Monday, January 28, 2008

Delicata Squash With Sautéed Greens, Pancetta And Honey Tangerine

When you've been driving all day, some of it under rather harrowing conditions, this is the perfect quick-to-fix meal to warm you up and calm you down when you arrive home. A glass of red wine helps. Of course I'm talking about me...

The first part of my 6-hour journey home yesterday was easy - a little rain, a little wind - then it began to snow. Big fat fluffy flakes falling slowly at first, just enough to marvel at, then falling faster and faster until before I knew it I was queued up behind a number of cars being led through the snowy whiteness by a highway patrol car, the road becoming too trecherous to allow for the errant fast driver yet not icy enough to require chains. All of this occurred on the 101 within 50 miles of my home - a very rare occurrence for my neck of the woods as I live on the northern California coast in a maritime temperate climate zone. Not used to driving through snow, especially without chains, you can imagine my relief at arriving home safe and sound, if a bit hungry.
Honey tangerines (also called Murcott oranges) are in markets right now and their sunny goodness is a welcome ingredient to the winter palate. Wonderful in vinaigrettes and simple sautés, honey tangerine juice will also brighten roasted meats and bring elegance to winter desserts. Last night it rounded out all the ingredients of this sauté and made them shine.
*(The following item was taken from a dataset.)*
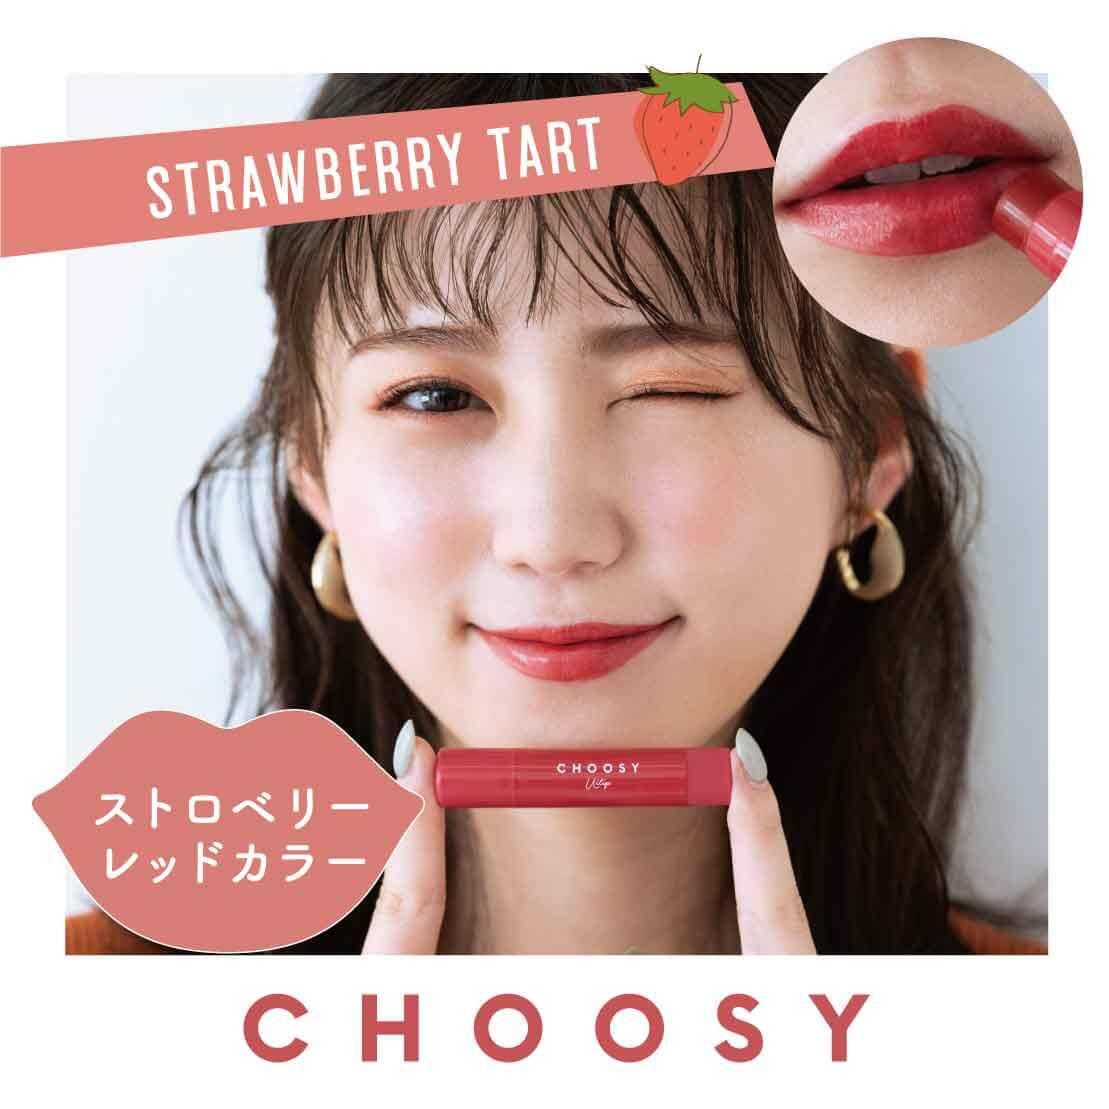 CHOOSY(チューシー)カラーケアリップクリーム ストロベリーレッド(いちごタルトの香り)/¥462(税込み)

Delicata squash with Sautéed Greens, Pancetta and Honey Tangerine
Christine's original recipe
1 medium delicata squash, peeled, seeded and cubed
2 cloves garlic, peeled and minced
2 cups mixture of winter greens, torn (see Cook's Notes)
1 and 1/2 ounces pancetta, cut into small squares
3 tablespoons to 1/4 cup honey tangerine juice, squeezed and strained from 1 tangerine
kosher salt and freshly ground black pepper to taste
olive oil spray for the pan

Spray a heavy skillet with olive oil spray and set over medium high heat.
Add the pancetta to the hot pan and cook, stirring to break up the pieces, until crisp and browned. Remove to a plate.
Spray the same pan again and lower the heat to medium.
Add the cubes of squash and sauté until it softens and begins to brown.
Add the minced garlic and stir until the garlic has become softened and aromatic.
Toss in the torn greens. This is usually a mixture of winter greens: Chard in its many colors plus several kinds of kale, mustard greens and beet tops.
Stir everything together gently and allow the greens to wilt. A bit of additional olive oil may be needed to keep the squash from sticking to the pan.
Pour the honey tangerine juice over everything and stir well to combine.
When the greens are cooked to your liking, season to taste with salt and pepper and remove from the heat.
Serve on warmed plates and sprinkle with the crispy pancetta.

Cook's Notes:
For this dish I tore the greens into smaller pieces so as not to overpower the small cubes of squash nor lose the pieces of pancetta among them.

Plus A Small Rant:
(Not too long ago, last week I believe, I came across a complaint on the Internet about long, descriptive recipe titles on food blog posts. I don't take this personally as I'm sure the person who wrote it doesn't know my blog exists, but it still prompts me share this small rant. I'm only sorry that I didn't bookmark where I read the complaint as I would have loved to share it with you.)
I know that I'm given to long recipe titles and obviously am among quite a group of others who do the same. And I guess that this drives at least one food blogger critic a bit nuts. Personally, besides liking to be more descriptive than less, I also like it that people searching the Web for recipes are more apt to land on one of my recipes if I use said descriptive titles. And, duh, that's what we want, isn't it? So get over yourself. These are blogs for crying out loud.